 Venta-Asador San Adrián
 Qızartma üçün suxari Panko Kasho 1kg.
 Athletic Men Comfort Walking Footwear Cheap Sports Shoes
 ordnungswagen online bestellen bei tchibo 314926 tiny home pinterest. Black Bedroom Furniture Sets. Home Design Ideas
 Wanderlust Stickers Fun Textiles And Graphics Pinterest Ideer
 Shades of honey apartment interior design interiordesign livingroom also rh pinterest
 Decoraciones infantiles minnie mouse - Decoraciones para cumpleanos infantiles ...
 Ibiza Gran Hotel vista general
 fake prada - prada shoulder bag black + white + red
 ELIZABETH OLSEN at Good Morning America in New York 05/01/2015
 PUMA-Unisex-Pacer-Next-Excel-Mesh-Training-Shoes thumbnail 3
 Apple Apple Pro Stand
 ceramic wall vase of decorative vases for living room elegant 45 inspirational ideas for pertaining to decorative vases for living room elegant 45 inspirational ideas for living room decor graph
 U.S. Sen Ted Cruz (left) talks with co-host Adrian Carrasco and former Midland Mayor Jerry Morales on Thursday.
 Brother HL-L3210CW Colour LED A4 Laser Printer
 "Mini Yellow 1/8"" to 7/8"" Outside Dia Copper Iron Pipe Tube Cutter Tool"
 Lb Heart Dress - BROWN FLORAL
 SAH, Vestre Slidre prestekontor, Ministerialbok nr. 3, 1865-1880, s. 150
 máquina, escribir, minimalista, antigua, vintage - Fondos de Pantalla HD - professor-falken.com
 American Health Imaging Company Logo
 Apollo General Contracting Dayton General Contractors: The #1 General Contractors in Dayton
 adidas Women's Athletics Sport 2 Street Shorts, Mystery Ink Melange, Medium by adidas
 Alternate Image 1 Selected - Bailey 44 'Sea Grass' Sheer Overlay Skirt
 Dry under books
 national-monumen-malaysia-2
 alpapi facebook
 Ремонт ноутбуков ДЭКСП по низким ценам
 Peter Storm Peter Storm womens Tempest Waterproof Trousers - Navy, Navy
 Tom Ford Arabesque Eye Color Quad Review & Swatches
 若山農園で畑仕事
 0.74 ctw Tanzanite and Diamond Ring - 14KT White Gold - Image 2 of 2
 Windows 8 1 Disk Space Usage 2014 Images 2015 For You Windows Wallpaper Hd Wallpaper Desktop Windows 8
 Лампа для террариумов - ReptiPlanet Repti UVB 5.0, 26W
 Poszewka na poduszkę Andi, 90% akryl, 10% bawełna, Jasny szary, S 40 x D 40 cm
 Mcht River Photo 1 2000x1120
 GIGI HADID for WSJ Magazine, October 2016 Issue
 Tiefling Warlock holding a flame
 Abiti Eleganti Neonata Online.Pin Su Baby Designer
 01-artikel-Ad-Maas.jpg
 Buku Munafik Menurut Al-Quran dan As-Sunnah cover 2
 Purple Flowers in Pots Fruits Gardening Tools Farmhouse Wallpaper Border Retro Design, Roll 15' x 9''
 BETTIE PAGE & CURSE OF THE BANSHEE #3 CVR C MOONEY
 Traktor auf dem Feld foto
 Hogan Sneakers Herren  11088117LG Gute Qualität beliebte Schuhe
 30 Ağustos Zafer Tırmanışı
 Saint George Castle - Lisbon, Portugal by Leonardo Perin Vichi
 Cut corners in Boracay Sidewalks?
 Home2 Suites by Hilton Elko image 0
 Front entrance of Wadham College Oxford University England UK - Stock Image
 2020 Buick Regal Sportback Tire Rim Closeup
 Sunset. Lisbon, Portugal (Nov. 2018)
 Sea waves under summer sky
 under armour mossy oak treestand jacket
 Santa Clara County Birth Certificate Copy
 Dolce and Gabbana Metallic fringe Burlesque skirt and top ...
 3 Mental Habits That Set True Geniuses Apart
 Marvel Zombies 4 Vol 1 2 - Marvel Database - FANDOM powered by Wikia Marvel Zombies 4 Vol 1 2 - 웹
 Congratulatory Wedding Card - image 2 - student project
________________
__WHAT THE TASK REQUIRES__
Would you please transcribe all of the entries above exactly?

__ANSWER AREA__
 Venta-Asador San Adrián
 Qızartma üçün suxari Panko Kasho 1kg.
 Athletic Men Comfort Walking Footwear Cheap Sports Shoes
 ordnungswagen online bestellen bei tchibo 314926 tiny home pinterest. Black Bedroom Furniture Sets. Home Design Ideas
 Wanderlust Stickers Fun Textiles And Graphics Pinterest Ideer
 Shades of honey apartment interior design interiordesign livingroom also rh pinterest
 Decoraciones infantiles minnie mouse - Decoraciones para cumpleanos infantiles ...
 Ibiza Gran Hotel vista general
 fake prada - prada shoulder bag black + white + red
 ELIZABETH OLSEN at Good Morning America in New York 05/01/2015
 PUMA-Unisex-Pacer-Next-Excel-Mesh-Training-Shoes thumbnail 3
 Apple Apple Pro Stand
 ceramic wall vase of decorative vases for living room elegant 45 inspirational ideas for pertaining to decorative vases for living room elegant 45 inspirational ideas for living room decor graph
 U.S. Sen Ted Cruz (left) talks with co-host Adrian Carrasco and former Midland Mayor Jerry Morales on Thursday.
 Brother HL-L3210CW Colour LED A4 Laser Printer
 "Mini Yellow 1/8"" to 7/8"" Outside Dia Copper Iron Pipe Tube Cutter Tool"
 Lb Heart Dress - BROWN FLORAL
 SAH, Vestre Slidre prestekontor, Ministerialbok nr. 3, 1865-1880, s. 150
 máquina, escribir, minimalista, antigua, vintage - Fondos de Pantalla HD - professor-falken.com
 American Health Imaging Company Logo
 Apollo General Contracting Dayton General Contractors: The #1 General Contractors in Dayton
 adidas Women's Athletics Sport 2 Street Shorts, Mystery Ink Melange, Medium by adidas
 Alternate Image 1 Selected - Bailey 44 'Sea Grass' Sheer Overlay Skirt
 Dry under books
 national-monumen-malaysia-2
 alpapi facebook
 Ремонт ноутбуков ДЭКСП по низким ценам
 Peter Storm Peter Storm womens Tempest Waterproof Trousers - Navy, Navy
 Tom Ford Arabesque Eye Color Quad Review & Swatches
 若山農園で畑仕事
 0.74 ctw Tanzanite and Diamond Ring - 14KT White Gold - Image 2 of 2
 Windows 8 1 Disk Space Usage 2014 Images 2015 For You Windows Wallpaper Hd Wallpaper Desktop Windows 8
 Лампа для террариумов - ReptiPlanet Repti UVB 5.0, 26W
 Poszewka na poduszkę Andi, 90% akryl, 10% bawełna, Jasny szary, S 40 x D 40 cm
 Mcht River Photo 1 2000x1120
 GIGI HADID for WSJ Magazine, October 2016 Issue
 Tiefling Warlock holding a flame
 Abiti Eleganti Neonata Online.Pin Su Baby Designer
 01-artikel-Ad-Maas.jpg
 Buku Munafik Menurut Al-Quran dan As-Sunnah cover 2
 Purple Flowers in Pots Fruits Gardening Tools Farmhouse Wallpaper Border Retro Design, Roll 15' x 9''
 BETTIE PAGE & CURSE OF THE BANSHEE #3 CVR C MOONEY
 Traktor auf dem Feld foto
 Hogan Sneakers Herren  11088117LG Gute Qualität beliebte Schuhe
 30 Ağustos Zafer Tırmanışı
 Saint George Castle - Lisbon, Portugal by Leonardo Perin Vichi
 Cut corners in Boracay Sidewalks?
 Home2 Suites by Hilton Elko image 0
 Front entrance of Wadham College Oxford University England UK - Stock Image
 2020 Buick Regal Sportback Tire Rim Closeup
 Sunset. Lisbon, Portugal (Nov. 2018)
 Sea waves under summer sky
 under armour mossy oak treestand jacket
 Santa Clara County Birth Certificate Copy
 Dolce and Gabbana Metallic fringe Burlesque skirt and top ...
 3 Mental Habits That Set True Geniuses Apart
 Marvel Zombies 4 Vol 1 2 - Marvel Database - FANDOM powered by Wikia Marvel Zombies 4 Vol 1 2 - 웹
 Congratulatory Wedding Card - image 2 - student project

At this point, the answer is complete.